%%
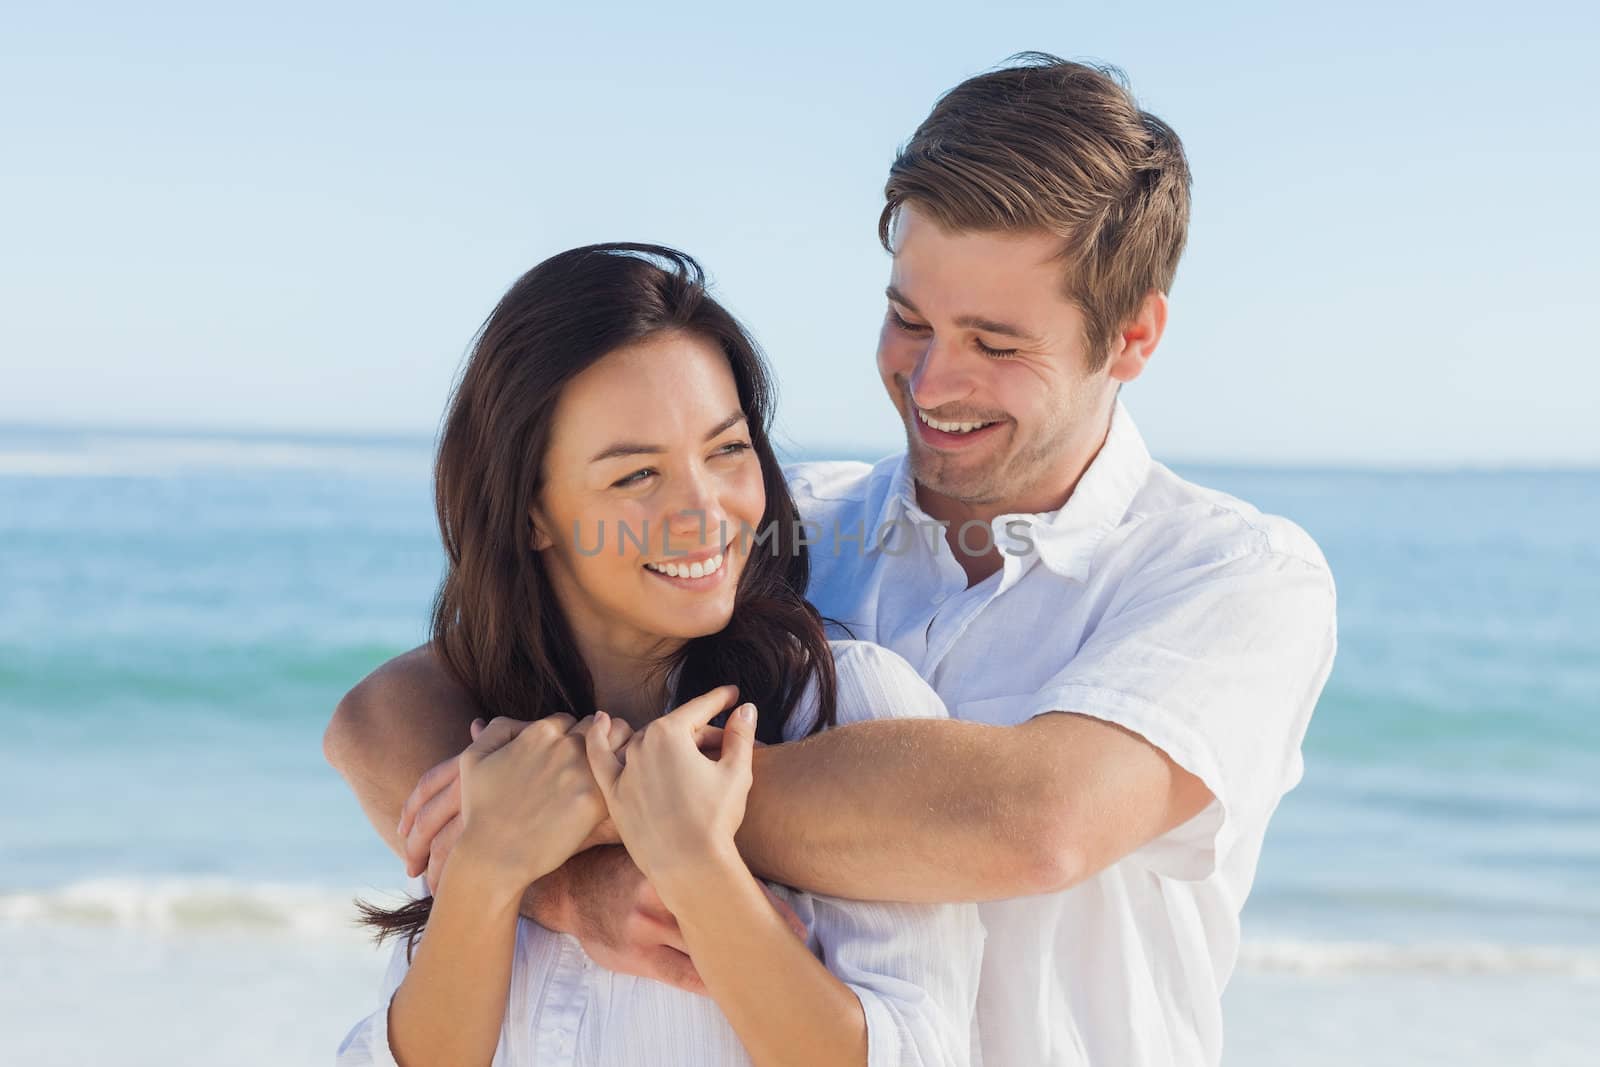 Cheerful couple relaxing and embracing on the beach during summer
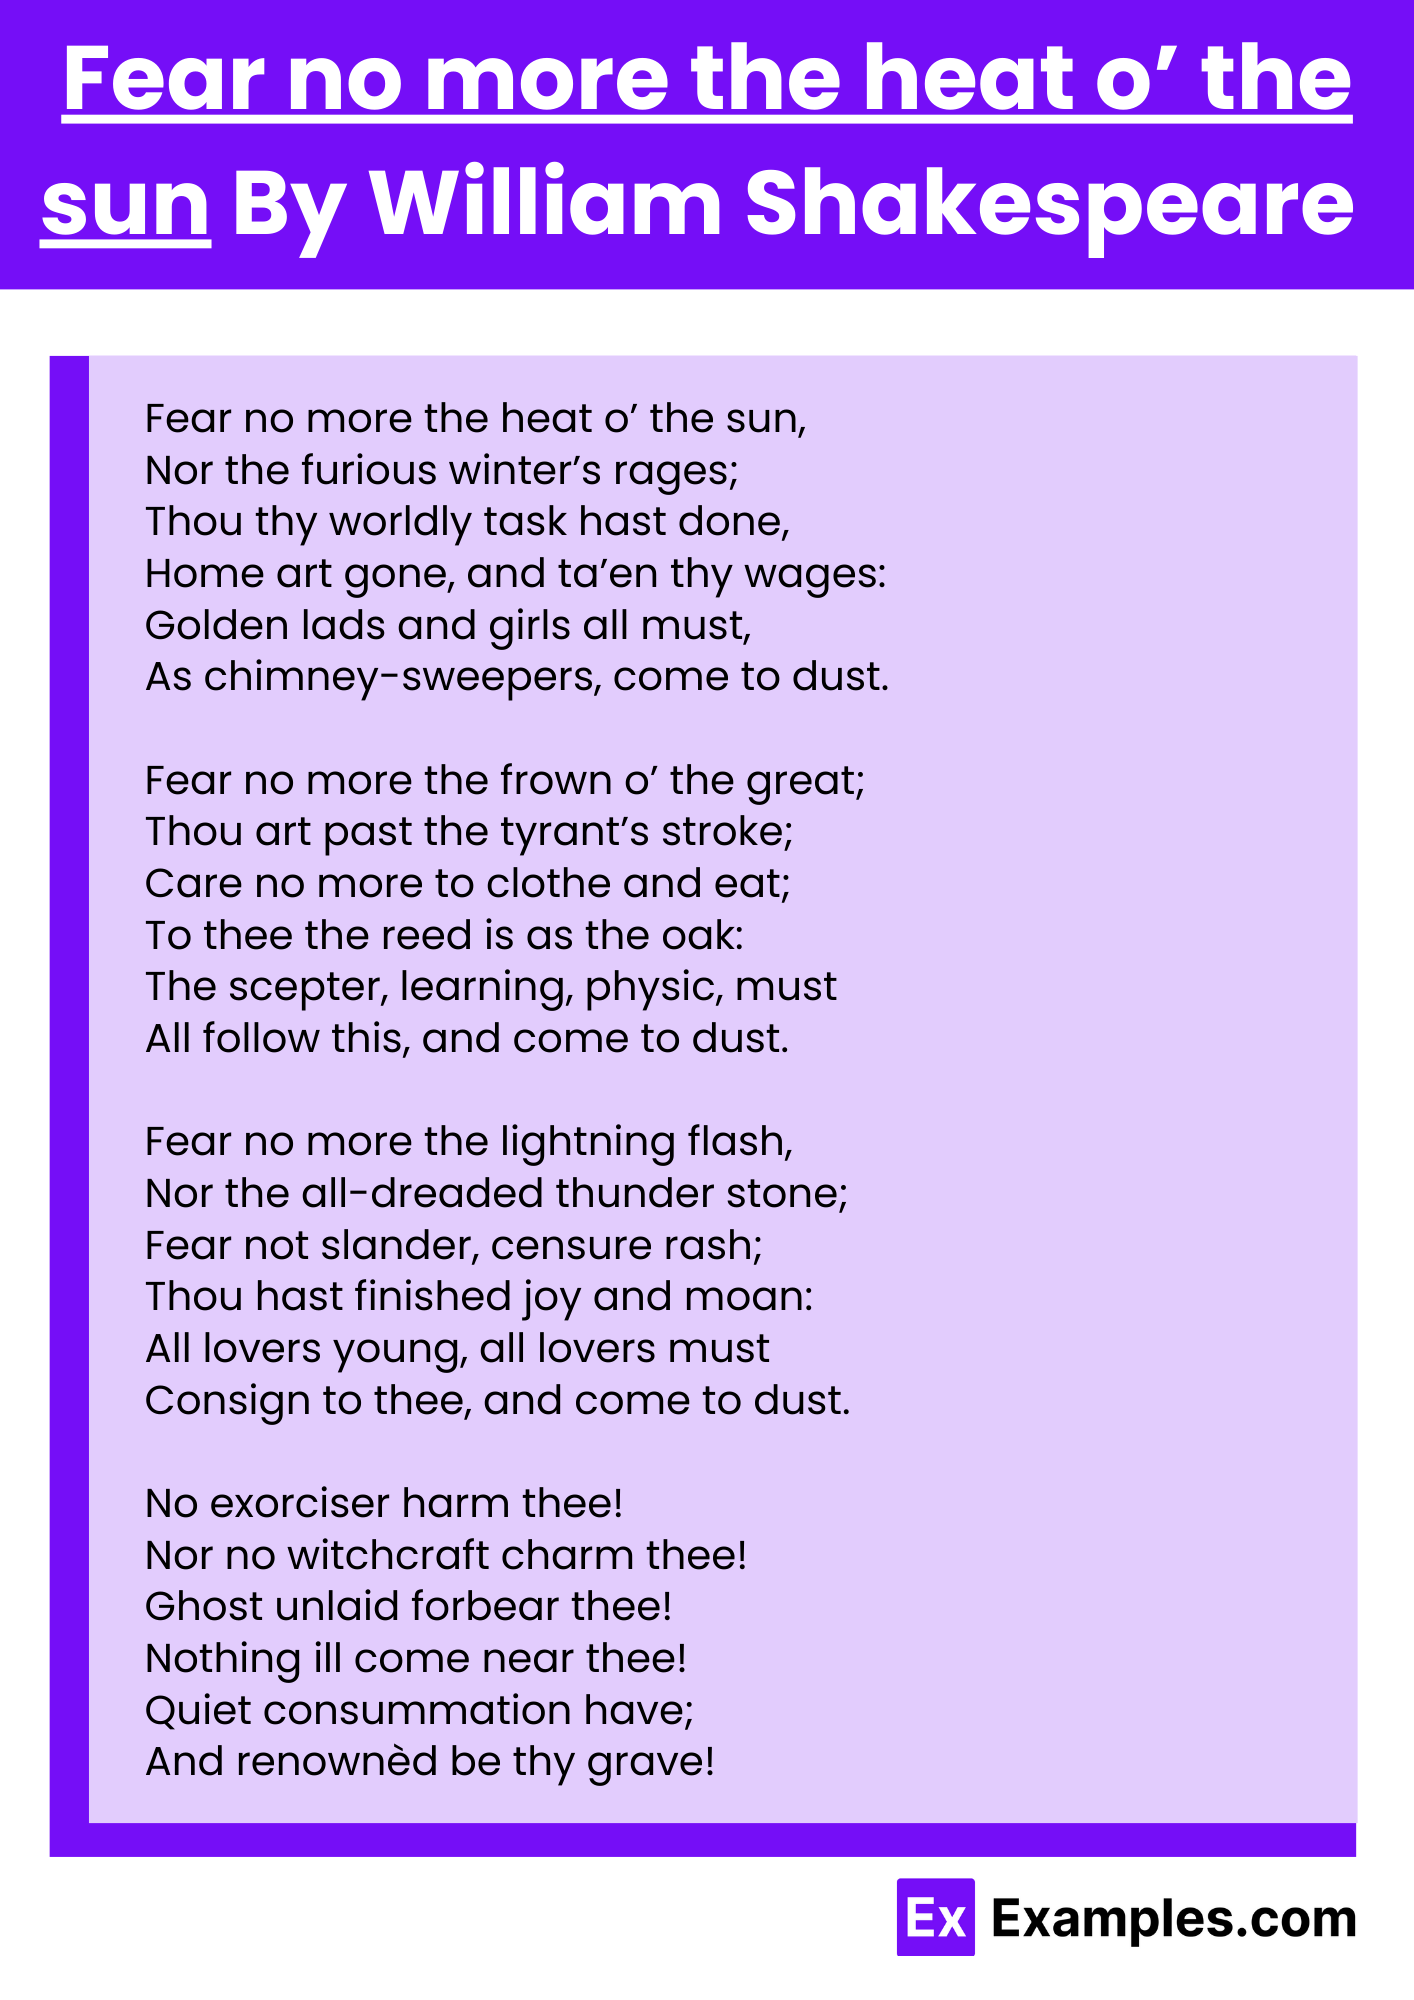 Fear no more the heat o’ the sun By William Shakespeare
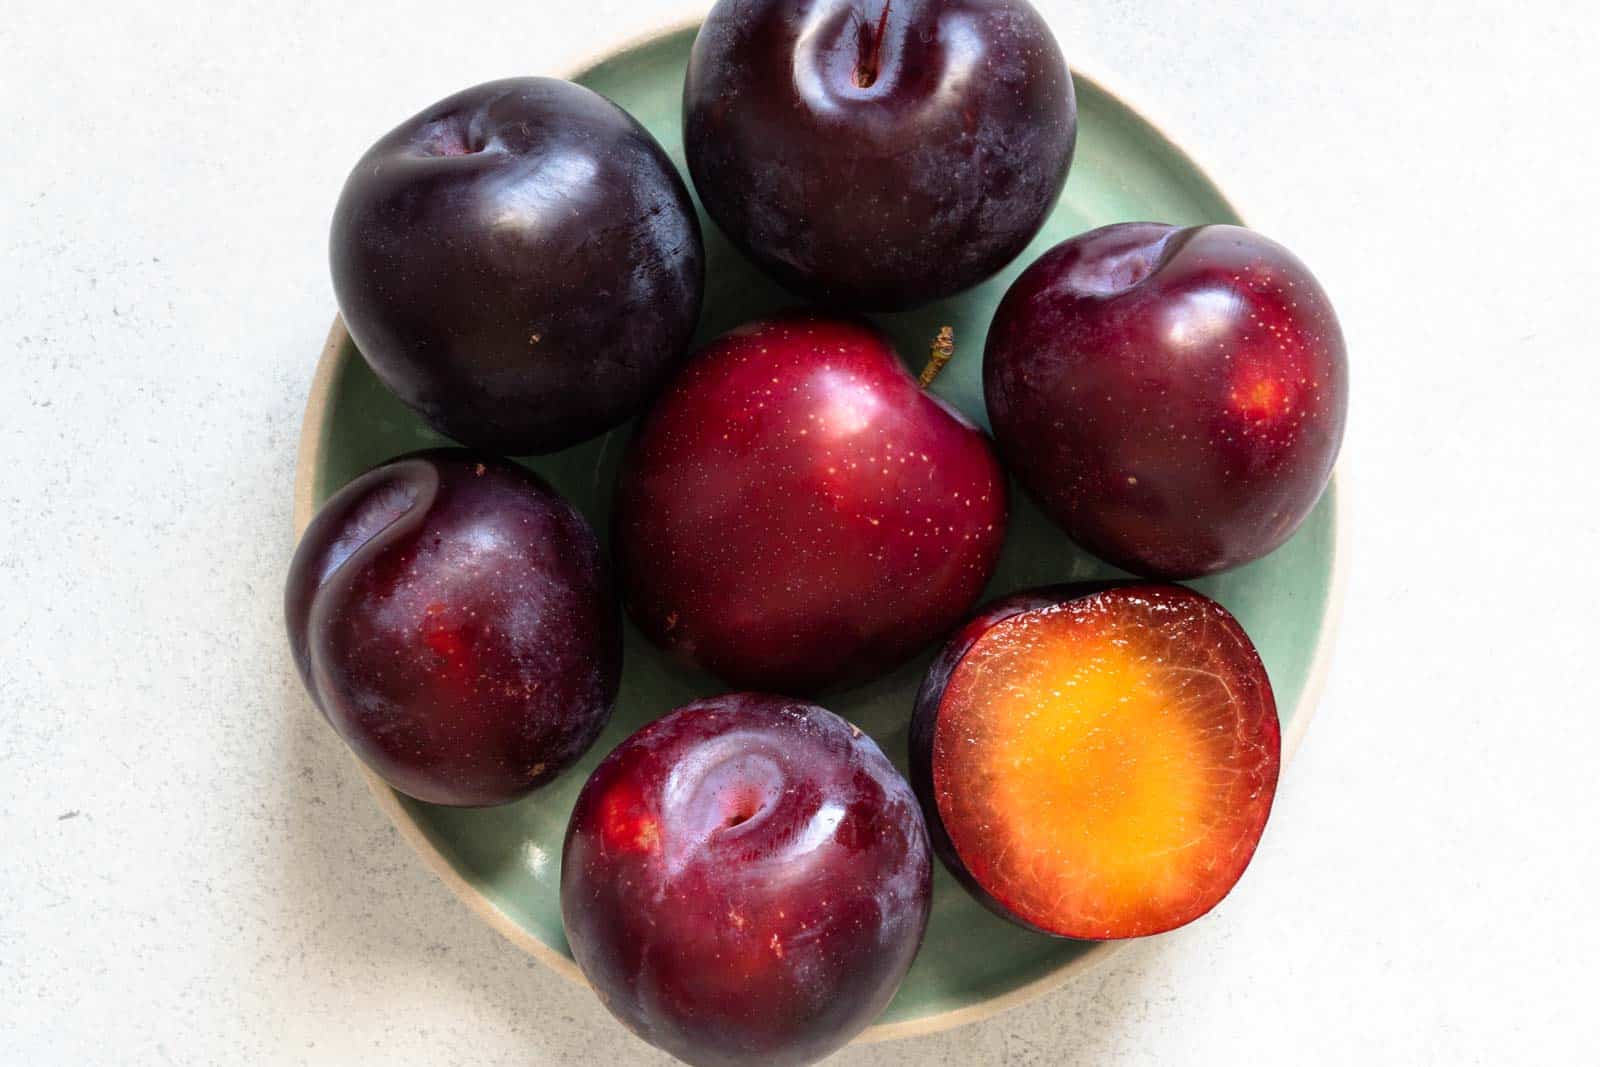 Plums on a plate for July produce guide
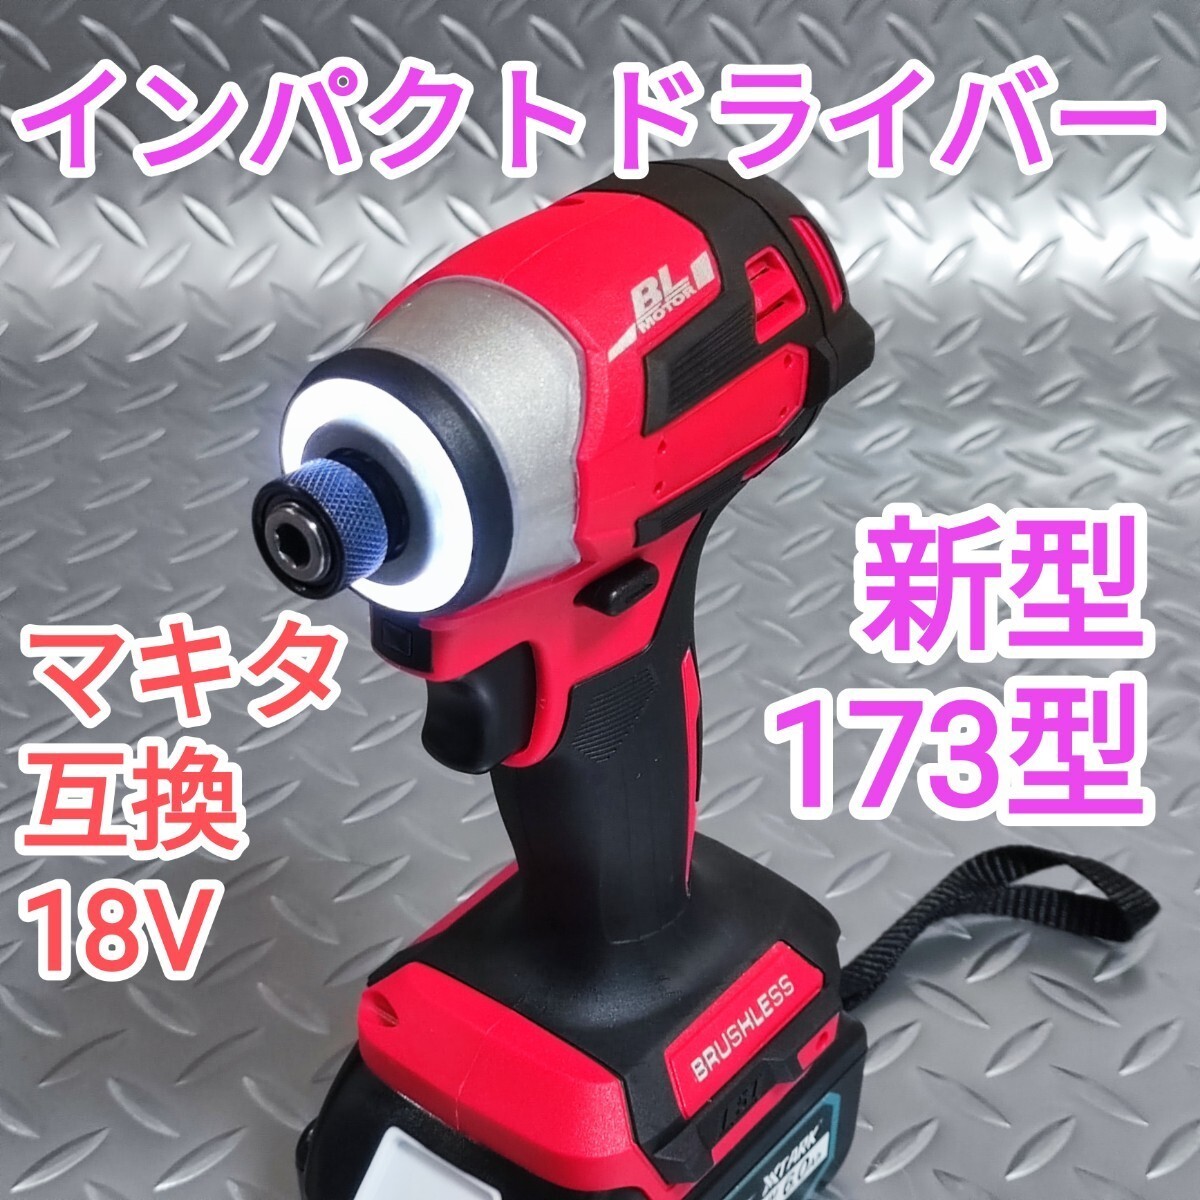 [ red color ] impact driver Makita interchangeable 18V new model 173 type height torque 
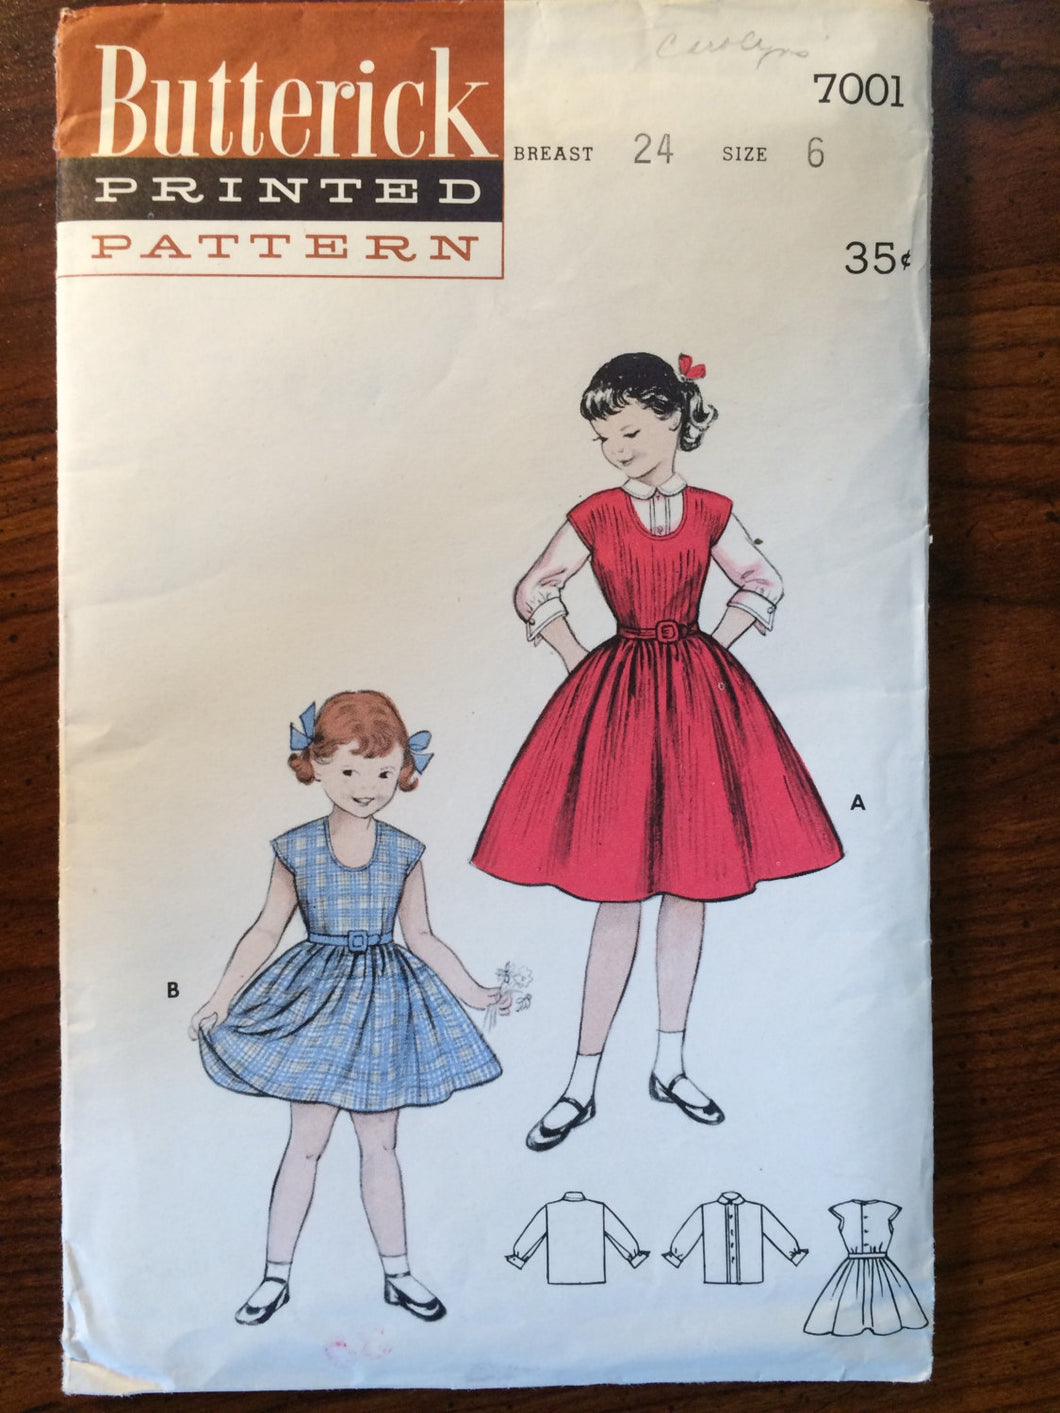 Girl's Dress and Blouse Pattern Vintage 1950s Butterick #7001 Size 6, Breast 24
%%
▸ WORK TO BE COMPLETED
Before writing out the material above, please remove its pictures; everything else stays exact.

▸ EXERCISE OUTPUT
 Cheerful couple relaxing and embracing on the beach during summer
 Fear no more the heat o’ the sun By William Shakespeare
 Plums on a plate for July produce guide
 [ red color ] impact driver Makita interchangeable 18V new model 173 type height torque 
 Girl's Dress and Blouse Pattern Vintage 1950s Butterick #7001 Size 6, Breast 24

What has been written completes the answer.